Monitor Baselines for AI Application Performance
Establish baselines of expected behaviour and performance for AI applications and continuously monitor them to detect unexpected deviations.
Plain language
This control means recording what "normal" looks like for an AI application (both how it behaves and how it performs) and then watching live activity against those recorded baselines. When the application starts producing different outputs, slows down, or makes more errors than the baseline expects, the deviation is flagged so it can be investigated. It catches model drift, degraded accuracy and abnormal behaviour before they cause harm.
Framework
ASD Information Security Manual (ISM)
Control effect
Preventative
Classifications
NC, OS, P, S, TS
ISM last updated
June 2026
Control Stack last updated
19 June 2026
E8 maturity levels
N/A
Guideline
Guidelines for system hardeningSection
User Application HardeningOfficial control statement
Baselines of expected behaviour and performance for AI applications are established and monitored for unexpected deviations.
Why it matters
Without established and monitored baselines, gradual model drift, accuracy degradation, prompt-injection effects or resource abuse in an AI application go unnoticed because there is no "known good" reference to compare against. Deviations such as rising hallucination rates, climbing token consumption or latency spikes are only discovered after they have already produced wrong outputs, breached data or disrupted dependent business processes.
Operational notes
Baselines are not set-and-forget: recalibrate them after every model retraining, version upgrade, prompt or system-message change, or confirmed data-drift event, since the previous "normal" no longer applies. Keep a short window of pre-change and post-change metrics so you can distinguish an intended shift from an unexpected one. Tune alert thresholds periodically to reduce false positives while still catching genuine deviations, and review flagged deviations on a defined cadence so trends (not just single spikes) are caught. Retain the raw behaviour and performance telemetry long enough to reconstruct what normal looked like before a suspected deviation.
Implementation tips
- For each AI application, define the specific metrics to baseline: behaviour metrics such as output/embedding drift, response accuracy or quality score, error rate and refusal/safety-trigger rate, and performance metrics such as latency, throughput and token (or compute) usage per request.
- Capture each metric over a representative period of normal operation and record a baseline as a range or statistical band (for example mean plus tolerance, or expected percentiles) rather than a single fixed number, so normal variation is not flagged.
- Feed the live metrics into a monitoring or observability tool and configure it to compare current values against each baseline continuously, with one view per AI application.

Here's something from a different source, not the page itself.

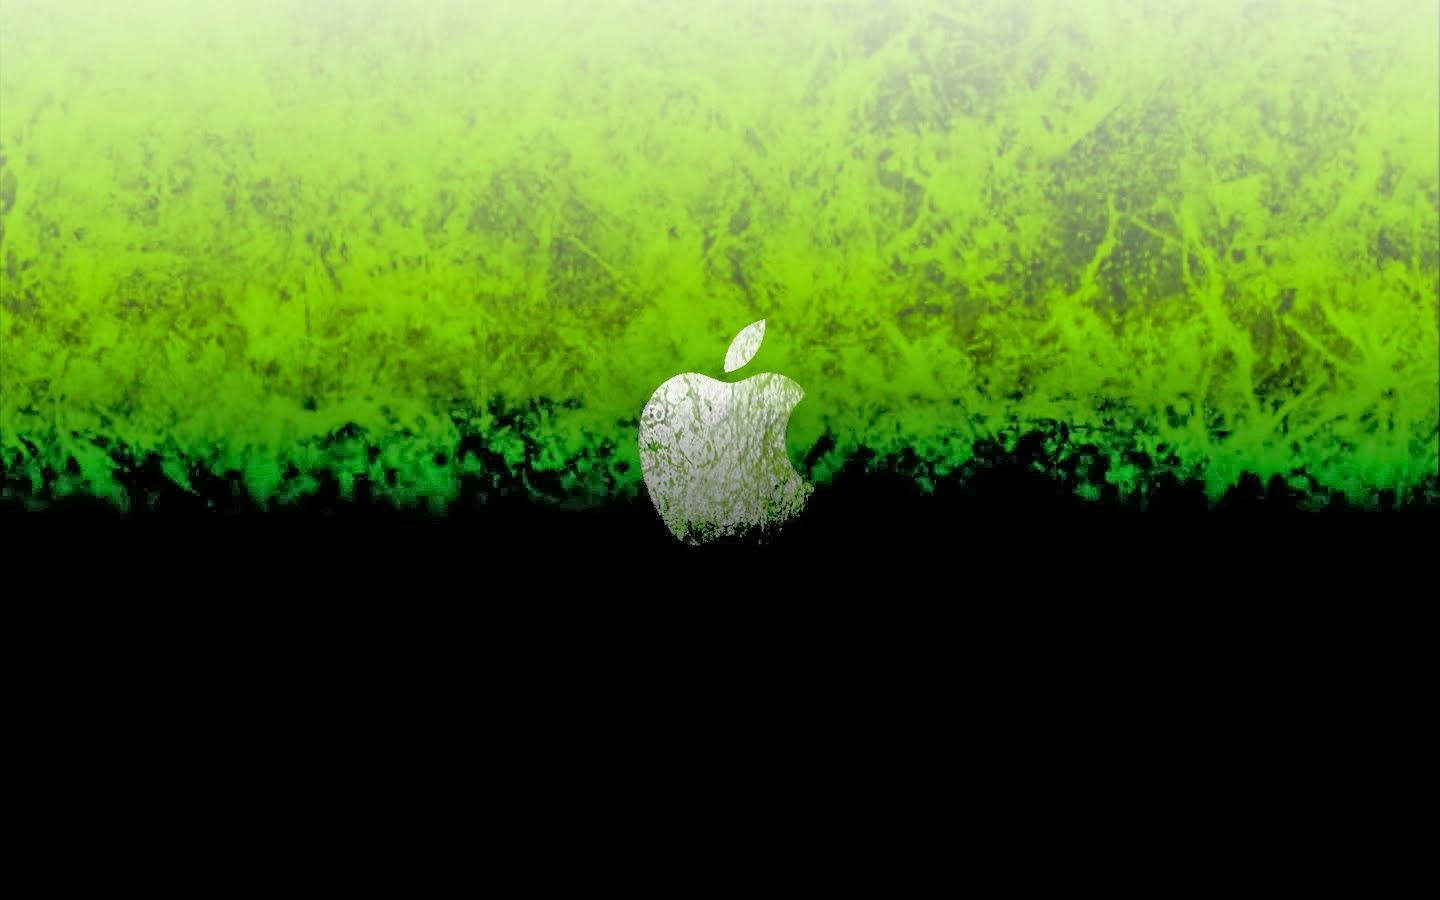 [50+] Green Apple Wallpaper | WallpaperSafari.com

- Set concrete alert thresholds tied to each baseline (for example trigger when accuracy or quality drops more than a set amount, latency exceeds the baseline percentile, or token usage or error rate breaches the baseline band) and route alerts to the team that owns the application.

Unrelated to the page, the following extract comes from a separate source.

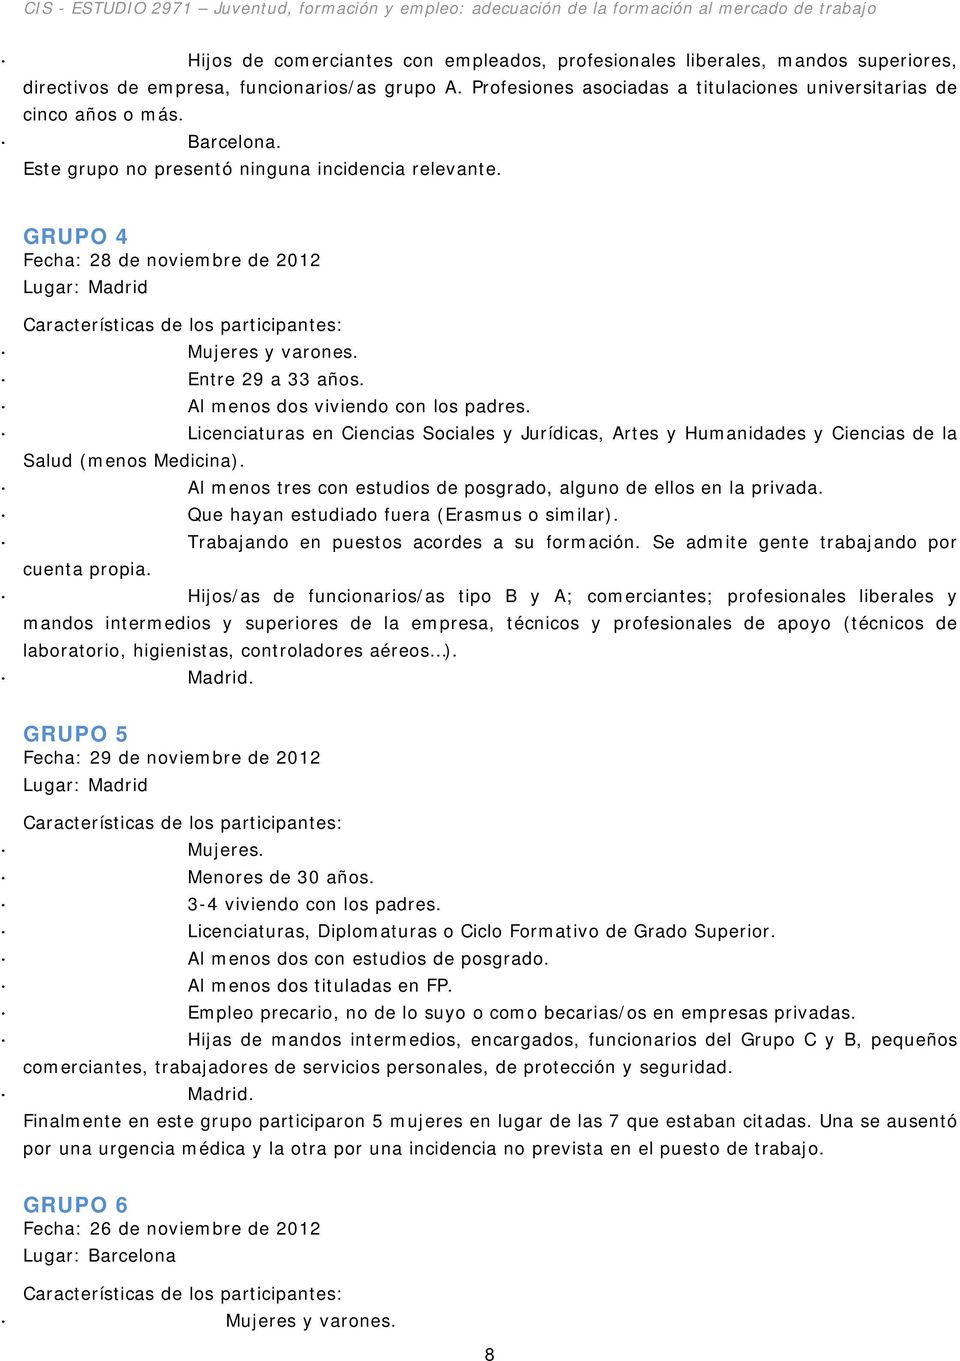 GRUPO 4 Fecha: 28 de noviembre de 2012 Lugar: Madrid Características de los participantes: Mujeres y varones. Entre 29 a 33 años. Al menos dos viviendo con los padres.

- Recalibrate the affected baselines whenever the model is retrained, the version or prompt/system message changes, or a data-drift event is confirmed, and record the old and new values so intended shifts are distinguished from unexpected ones.
- When an alert fires, run a root-cause investigation (model, data, infrastructure or external interference) and record the deviation and corrective action in a register so repeat deviations are tracked.
Audit / evidence tips
- For a sample AI application, request the baseline definition and confirm it covers both behaviour metrics (such as output drift, error or refusal rate) and performance metrics (such as latency, throughput and token usage), each with a documented normal range rather than just a single nominal value.

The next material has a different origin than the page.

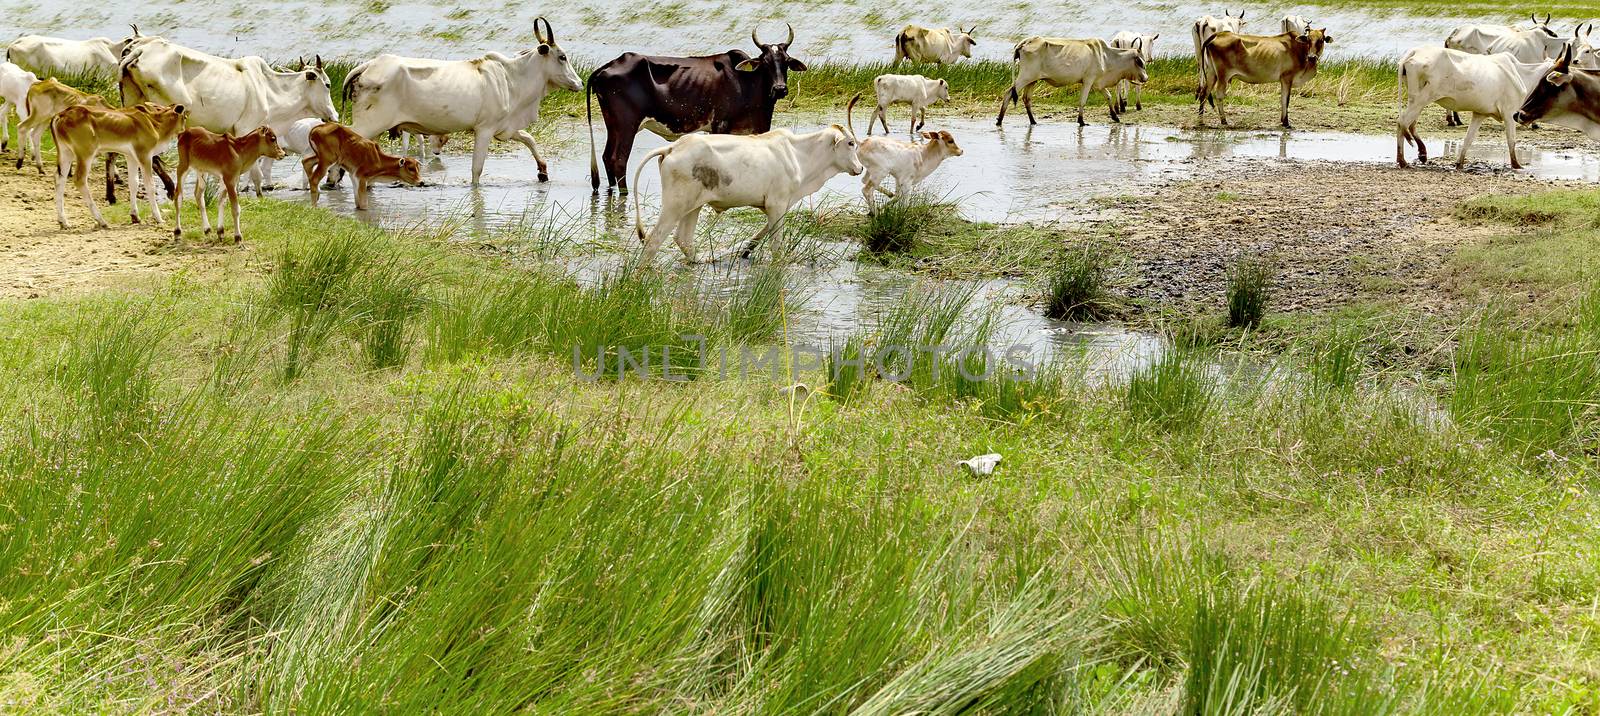 Zebu cattle walking watering place by Vladyslav

- Inspect the monitoring configuration and confirm the live metrics for that application are actually compared against its baseline, not merely collected; trace one metric from capture through to its baseline comparison.
- Examine the alert rules and confirm concrete deviation thresholds are configured (for example accuracy below a set percentage, latency or token usage above the baseline band) and that an alert fired and was actioned for a real deviation in the logs.
- Confirm baselines were recalibrated after the most recent model retrain, version upgrade or data-drift event by comparing the baseline change date and values against the application's change/release history.
- Review the deviation register for a recent flagged deviation and trace it to its investigation and corrective action to confirm monitoring leads to a response, not just a log entry.
- Check that baselines and monitoring exist for each AI application in scope, not only one flagship system, by reconciling the AI application inventory against the monitored set.
Cross-framework mappings
How ISM-2114 relates to controls across ISO/IEC 27001, ISO/IEC 42001, Essential Eight, and ASD ISM.
ISO 27001
| Control | Notes | Details |
|---|---|---|
| layers Partially meets (1) expand_less | ||
| Annex A 8.16 | ISM-2114 requires establishing baselines for AI application behaviour and performance and monitoring for deviations | |
| sync_alt Partially overlaps (1) expand_less | ||
| Annex A 8.6 | ISM-2114 involves establishing baselines for AI performance and behaviour to monitor deviations | |
ISO 42001
| Control | Notes | Details |
|---|---|---|
| handshake Supports (1) expand_less | ||
| Annex A 6.2.6 | ISM-2114 necessitates defining and monitoring AI application baselines for unexpected deviations | |
These mappings show relationships between controls across frameworks. They do not imply full equivalence or certification.